A K-block contains the following values, which are essentially the
same as in the existing design:

1)  The payload (typically a URI followed by metadata).  This is the
data returned by search that matches the K-block.  The payload is
encrypted using a symmetric encryption key generated from a hash of
the namespace public key and the search keyword.  This means that only
someone who knows the search criteria (namespace and keyword) can decode
the payload.

2)  The public key used to sign the payload.  Since this key is derived
from the namespace and the keyword, it (or a hash of it) can be used
as the search key.

3)  A digital signature of the encrypted payload using the public key
listed above.  A valid signature can only be generated by someone who
knows both the private key of the namespace being searched and the
keyword being searched for, so the signature can be checked to filter
out bogus K-blocks.

2.6.  Zero as a Private Key

As noted in section 2.1, the DSA specification does not permit a private
key of zero.  There are two ways we can deal with this.  One is to modify
the procedures described in sections 2.3 and 2.4 to avoid a private key
of zero.  If the sum x+h mod q turns out to be zero, rather than using zero
as the private key, we hash a combination of the namespace public key and
the keyword to produce a value in the range 1 through q-1, and use that
value as the private key.  In section 2.4, we don't compute the private
key, so rather than comparing the private key to 0, we compare the public
key to the public key which corresponds to a private key of zero.
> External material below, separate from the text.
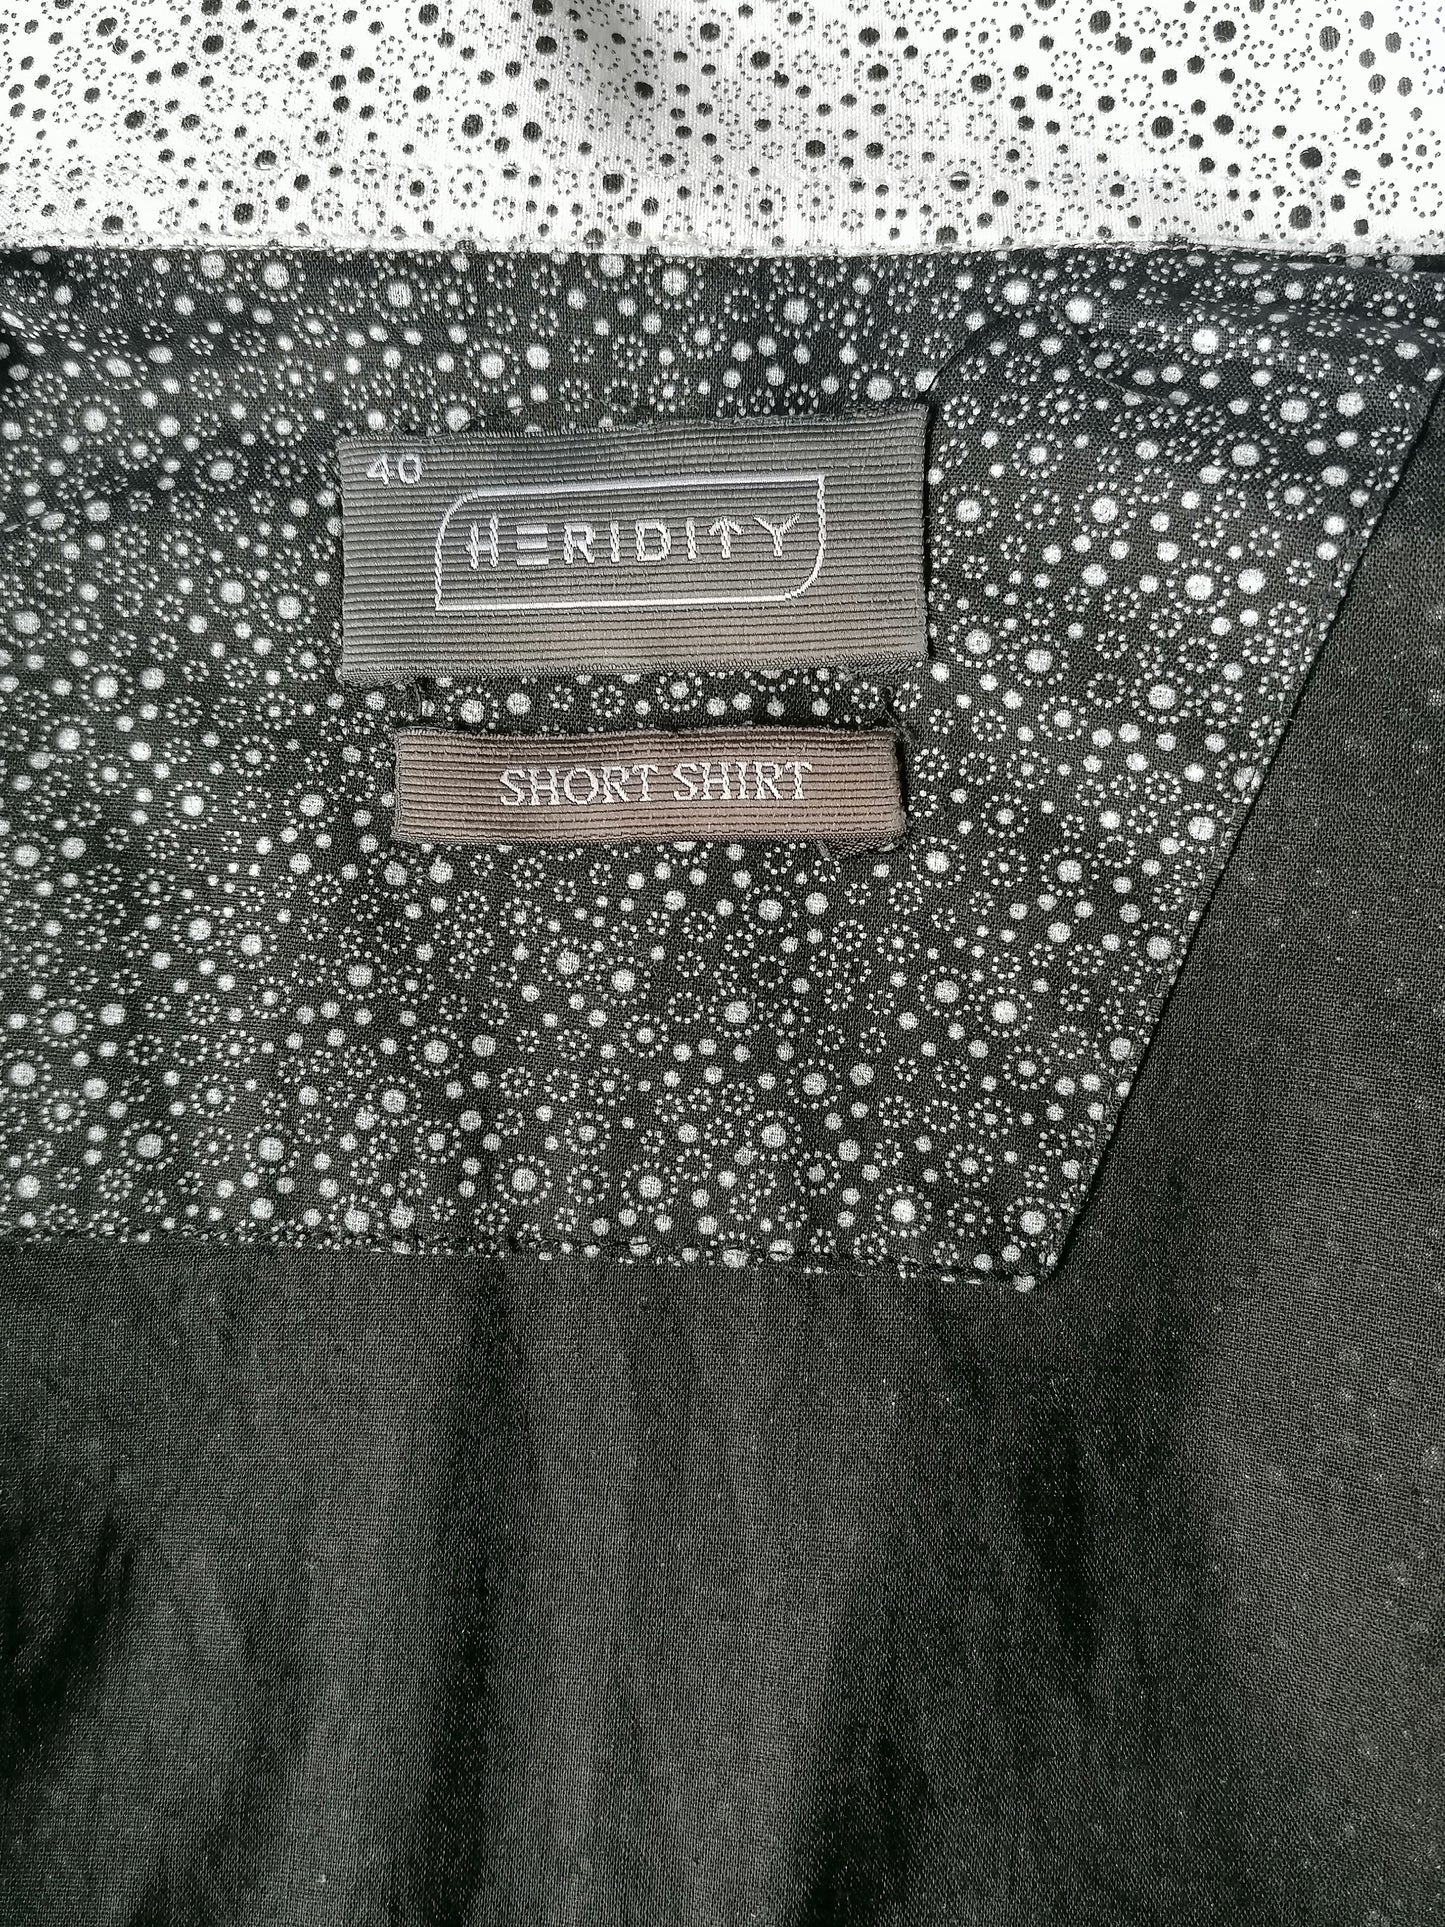 Vintage Heridity Shirt. Black and white print with separate applications. Size M.

Although the approach described in the preceding paragraph would work,
it appears unnecessary.  The requirement that the private key be
non-zero doesn't appear to be necessary for correctness, because a
look through the proof of correctness for DSA reveals no steps that
depend upon the assumption that the private key is nonzero.  Nor is
the requirement that the private key be non-zero necessary for security,
because the difference in security between DSA variants with or without
the requirement that the private key is nonzero can be proved to be
trivial.

We now present the proof referred to in the preceding sentence.  In
what follows, we will use the name DSA1 to refer to the standard DSA
algorithm, where the minimum value for the private key is 1, and DSA0
to refer to a variant where then minimum value of the private key is
zero rather than one.

Suppose that we have an algorithm that will break DSA0 in an expected
time T, assuming that the private key is randomly selected with a uniform
distribution.  This algorithm will also break DSA1.  To determine maximum
run time for this algorithm when used to break DSA1, we assume that the
run time of the algorithm is zero when used to break an instance of DSA0
where the private key happens to be zero.  It then follows that the
expected run time if the private key is non-zero will be T * (q/(q-1)).
Since the actual run time for a zero key must be greater than zero, the
actual time to break DSA1 must be less than T * (q/(q-1)).  For a
realistic value of q, the difference between 1 and (q/(q-1)) is trivial.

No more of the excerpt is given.